As ever, it’s always wise to go right back to the very beginning, and, in this case, that very first scene where we saw someone barricade themselves into their hotel room, a couple having sex in the shower, and a person on fire being filmed on her camera phone by who we now know was Ree.

It all came around in this series finale, with each of those character’s identities revealed. And that wasn’t the only thing that was revealed. Oh no. We found out who murdered Heulwen, and why; we found out the real story behind Haydn and Lynwen’s child; and we also found out a bit more about Nadine’s character.

Oh yes. It was all happening.

So where to start? We didn’t ever go back to the jury room, and all the action took place in that hotel – as I’ve mentioned before, it feels like an alternative world, a world of purgatory for all our flawed jurors, by this stage all going insane: their flaws and personality traits magnified, amplified and at their most acute. There was a sense that they had all gone insane, trapped inside this hotel until something gave.

We saw Peredur The Predator embark on a bit of, presumably, revenge on Taz. In episode seven, he had spiked his drink and now found him spark out on the bed in their shared hotel room. He pulled down his trousers, set up his phone and pressed record. Peredur then began to take off his own trousers… he was going to have sex with him on camera, neigh rape him. All in the name of revenge, and all in the name of being spurned by Taz in a previous episode. Nasty piece of work is Peredur. Taz was saved by a knock on the door, and the fact that Peredur subsequently found himself locked out. He found refuge in Nadine’s room.
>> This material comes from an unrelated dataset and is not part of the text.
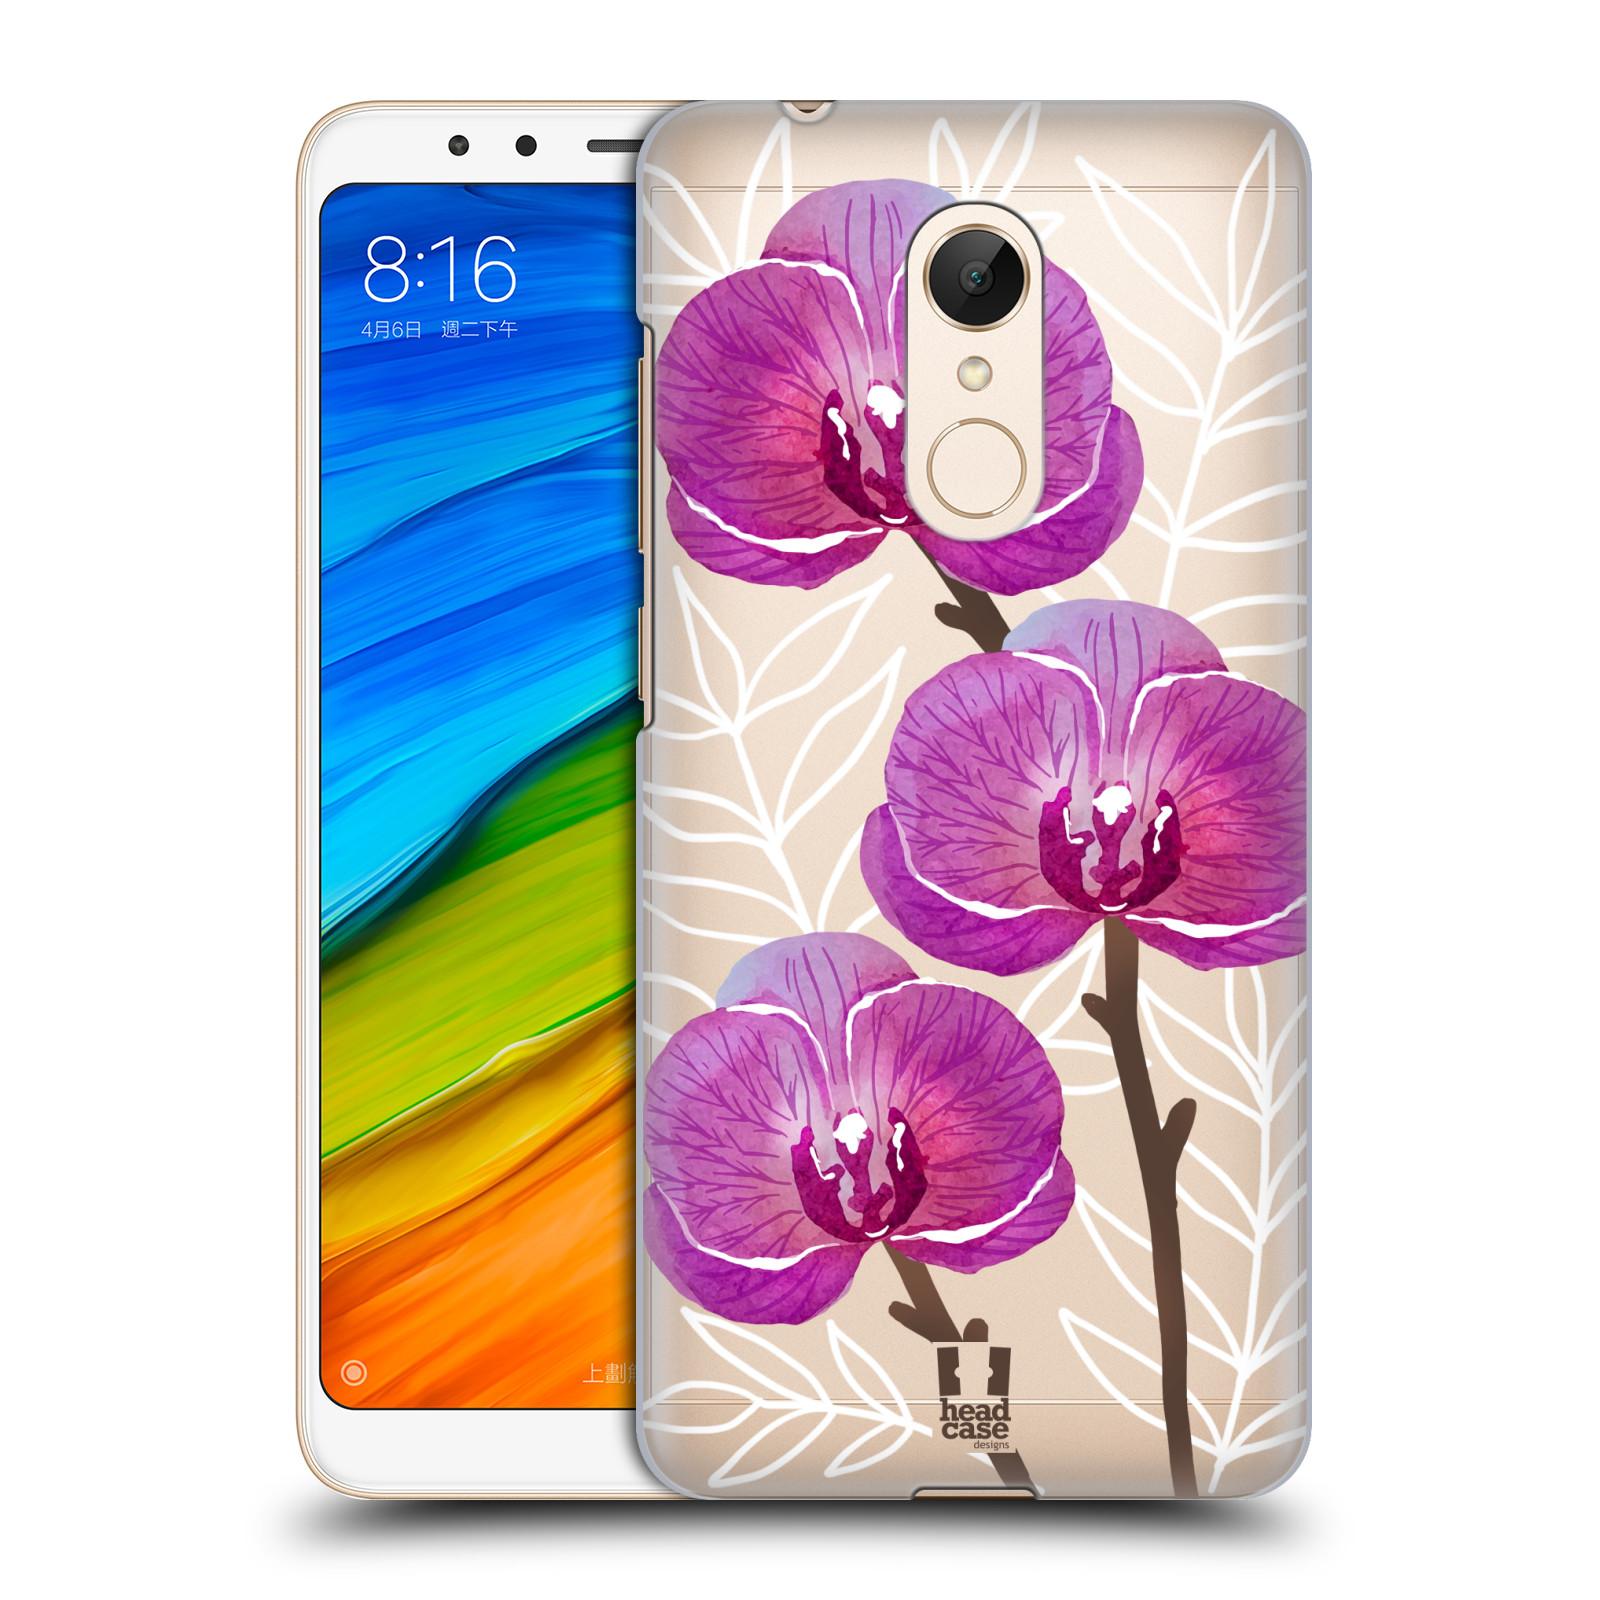 Plastové pouzdro na mobil Xiaomi Redmi 5 - Head Case - Hezoučké kvítky - průhledné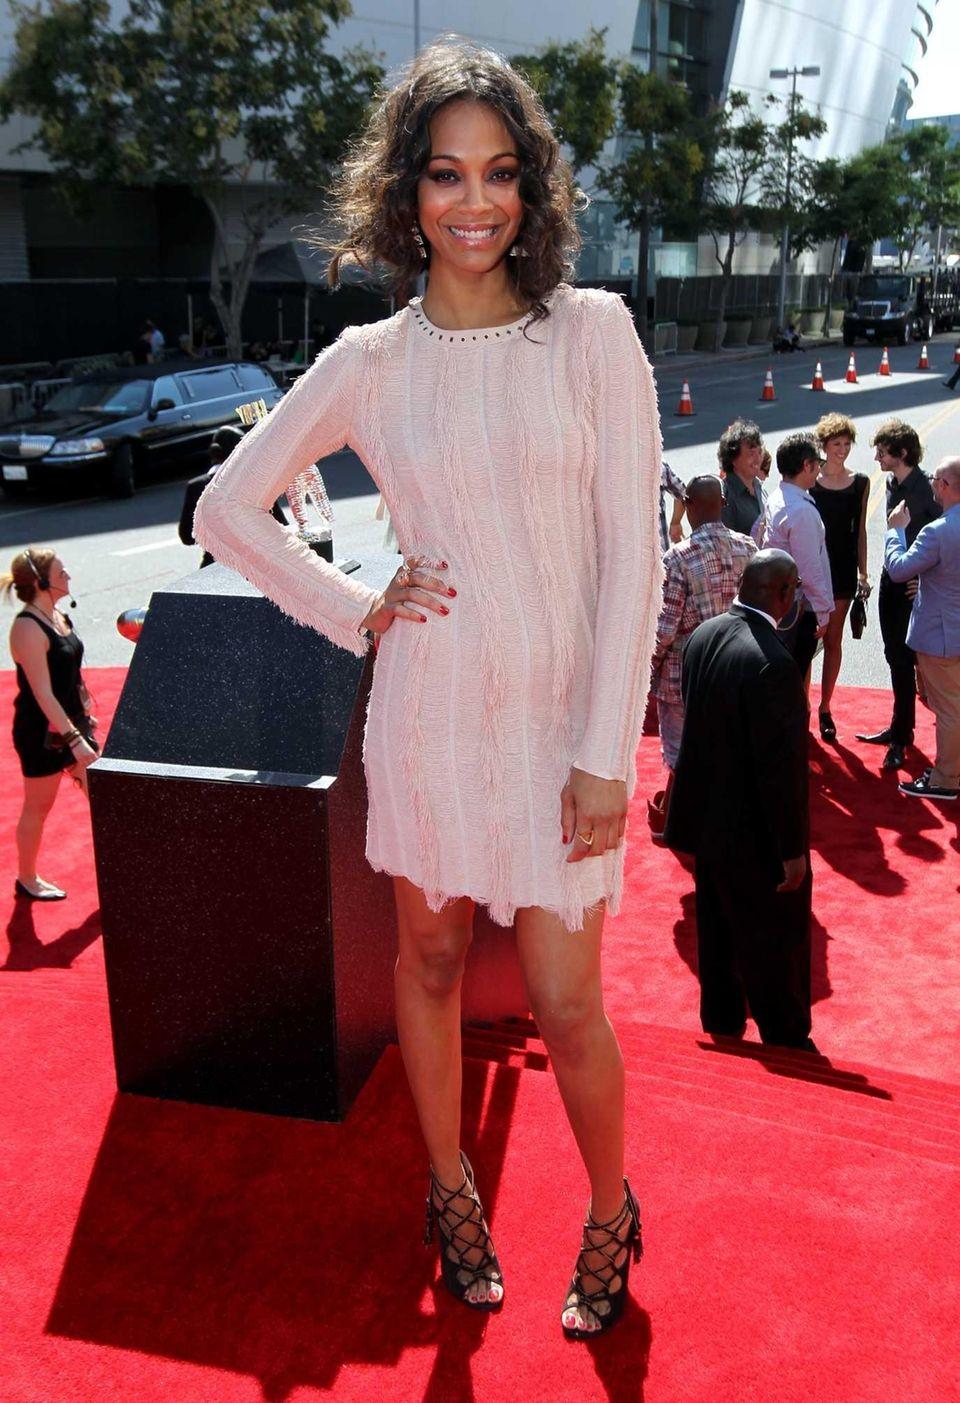 Zoe Saldana arrives at the MTV Video Music

Now then. Nadine. She’s been setting her stall out as a timid, shy and grief-stricken optician throughout the series until she came onto Carwyn so hard it was almost difficult to watch. There was always the suggestion that something had happened to her late husband, the ashes of whom she now wore in a signet ring on her wedding finger – ie. something that she was culpable for – and now, with Peredur in her hotel room, her real personality unfurled like a spider luring her prey into her web. She stripped off in front of Peredur and invited him into the shower. She was a creature of the night, she had said, and she really wasn’t kidding. Peredur, of course, followed, licking his lips. With Peredur it’s all about control – whether it be seducing and using Merired, or trying to seduce Taz – so he was out of his comfort zone as Nadine took the lead. She took the lead to the extent that she began to choke him during their shower boff, and choke him to the extent that he was near to passing out. She chided him for his insatiable need for control and the way he viewed his fellow human beings as nothing more than pieces of meat. She knew another person like that, she said, which once again inferred that she had killed her husband.

(Nadine, I think, was my favourite character out of the whole lot – an arch femme fetale, in the end, expertly played by Lisa Marged.)

Elsewhere in this ferment, we finally found out what the real story behind Lynwen an Haydn’s child. We had been led to believe that the teenage boy Lynwen had been chatting to on Skype was her son, and indeed Haydn’s son. Haydn had believed it, too. But during an argument, she told him that she had had an abortion – yes, she had been pregnant with his child when they broke up, but she had decided on a termination. So who was the teenage boy on Skype? He turned out to be Lynwen’s underage lover, a pupil at the school she teaches at. Oh my, that was a twist. And of course, she was pregnant… and this lad was the father. Another dark twist! As Haydn went understandably nuts at hearing this news, he attacked her… and Lynwyn sprayed some sort of deodorant in his face. What either of them had failed to realise was that Haydn was holding a lit lighter at that moment, and he went up in flames.

Haydn turned out to be the burning person.

It was breathless stuff, with one jaw-dropping twist after another. And that’s what I really enjoyed about this series – while there were plenty of familiar elements, it felt fresh and felt joyous in the way that it attacked and went for the jugular. In an age of sombre, formulaic mainstream crime drama, 35 Awr said to hell with it all and presented us with something that, out of context, would have been too much and too far-fetched, but instead felt fresh, addictive and great fun (or as much fun as a crime drama can possibly be).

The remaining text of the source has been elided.